Whether a society is capitalist or not does not define whether education is a right or a privilege. Another mistake is defining a country as capitalist and then shutting down any remaining capacity to think about it. Most countries contain a mixture of economic principles at work, so a surface level knowledge of capitalism that seems stuck in the 1800s will only leave you appearing naive and outdated.
Which country is it again that created the internet and has helped expand education not only locally, but globally for all mankind to benefit? Which country is it that created the greatest video platform on Earth, populated with a vast wealth of university lectures and documentaries on top of allowing people casually sitting at home to speak their mind for anyone to see (within reason)?
The U.S. is not without its problems as any country, but we're familiar with many of the problems we have which were already solved once before within the last century. Young people trained on cynical ideologies are highly suggestible, almost encouraged to see certain events as validation for that cynicism. It becomes their organizing principle, no longer looking for what solutions are being produced by a system or what uncorrupt motivations someone might have for any given decision. Only the negatives.
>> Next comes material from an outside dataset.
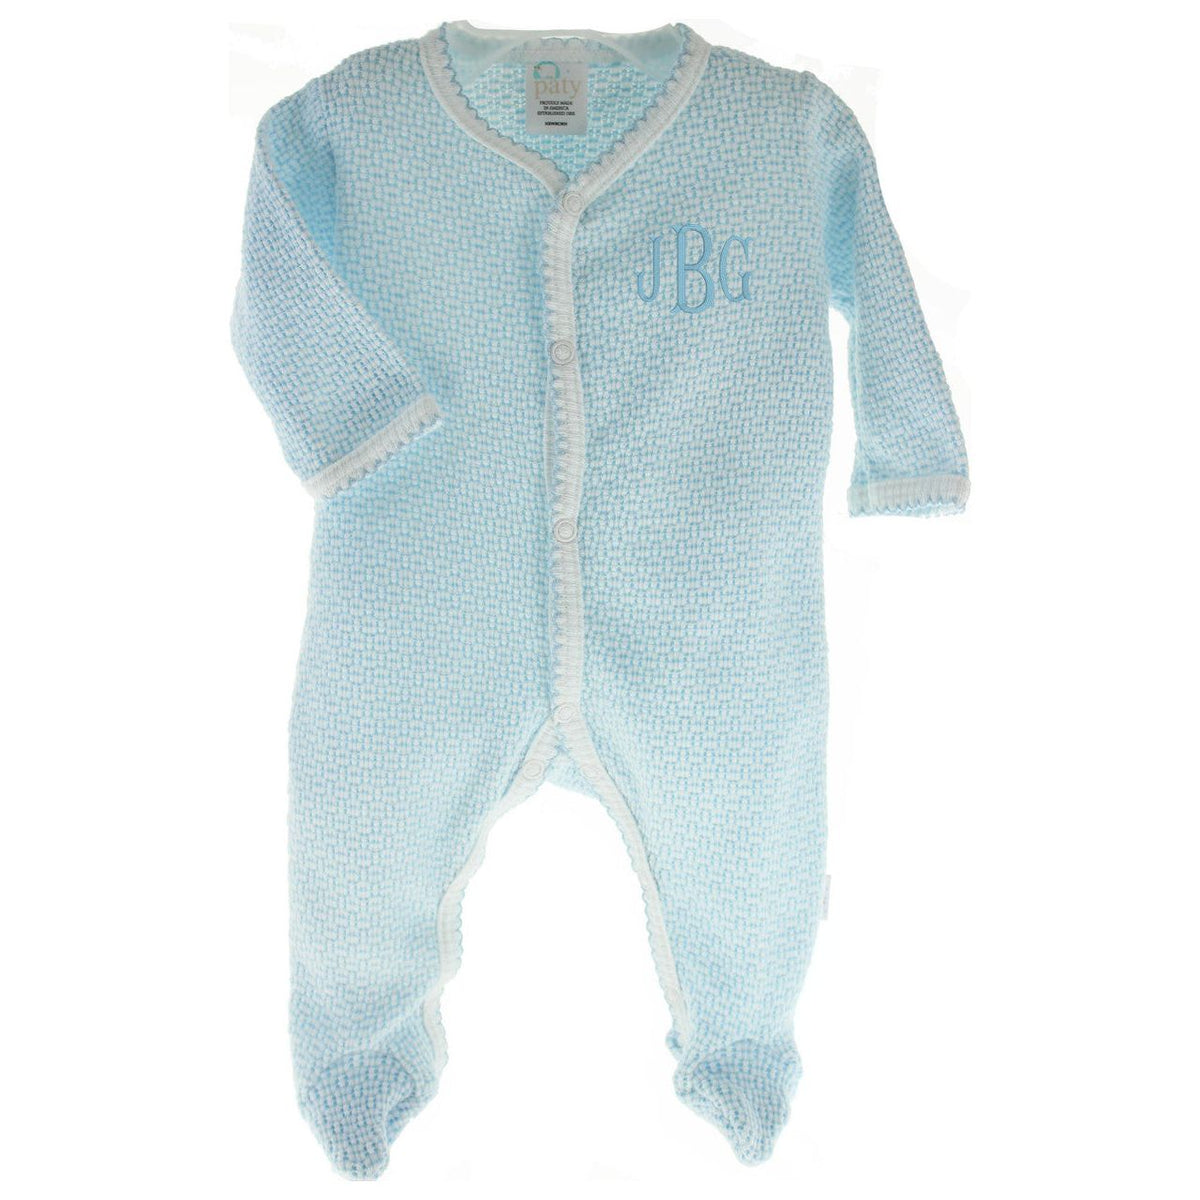 Paty Baby Boys Blue Footed Oneise Sleeper

If you're a hard-line right winger, the goal is actually to set undesirable groups back, but that's a pretty fringe position.
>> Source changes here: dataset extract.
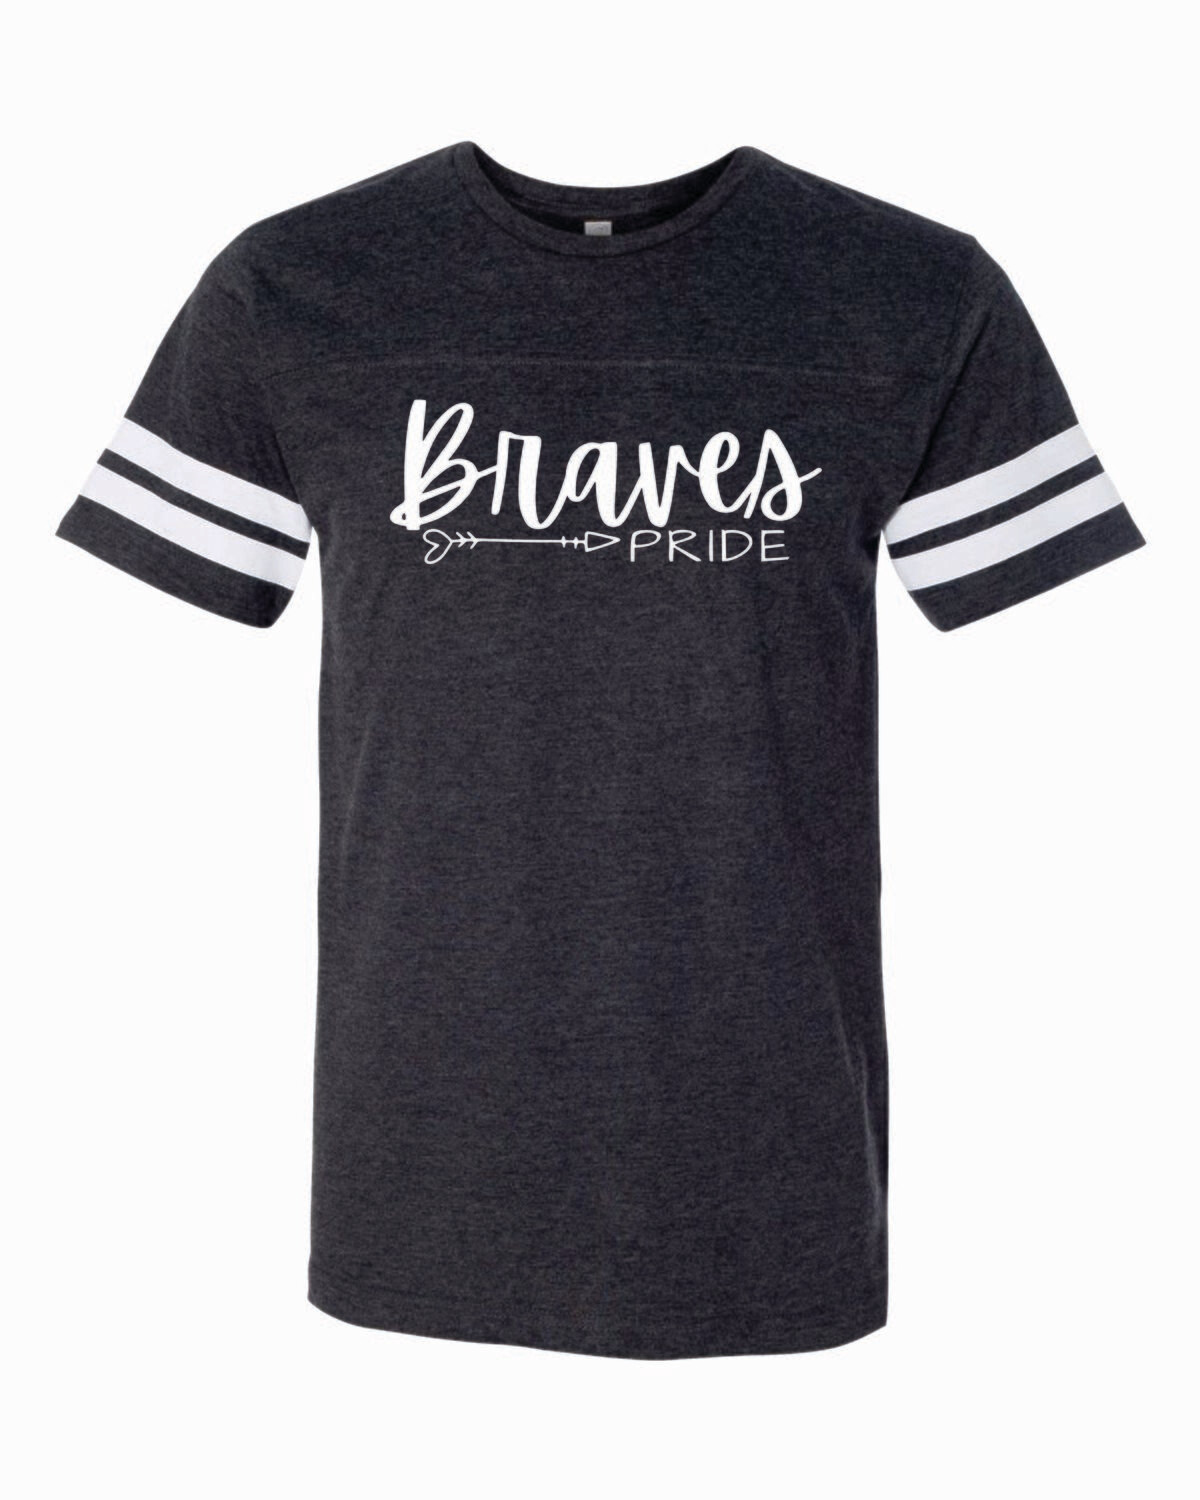 Braves PRIDE Football Tee, 2 colors available

Based in recent history, most recently on spending cuts in the proposed house spending bill, this appears to be well within the mainstream of the Republican party.
I'm not supporting the GOP, but we are $33T in debt with interest rates rising dramatically. We're probably in a perilous position. We need to cut back and raise taxes.
FWIW, I'm well aware the GOP has also contributed greatly to that debt.
If you're a university, the goal is to fill up your university with satisfied customers and increase revenue.
If you're a student, the goal is to form social networks that you can later use to help in business.
If you're a politician, the goal is to increase college attendance rates.
If you're a hard-line right winger, the goal is actually to set undesirable groups back, but that's a pretty fringe position.
If you just want to learn and grow, you should avoid the university system entirely.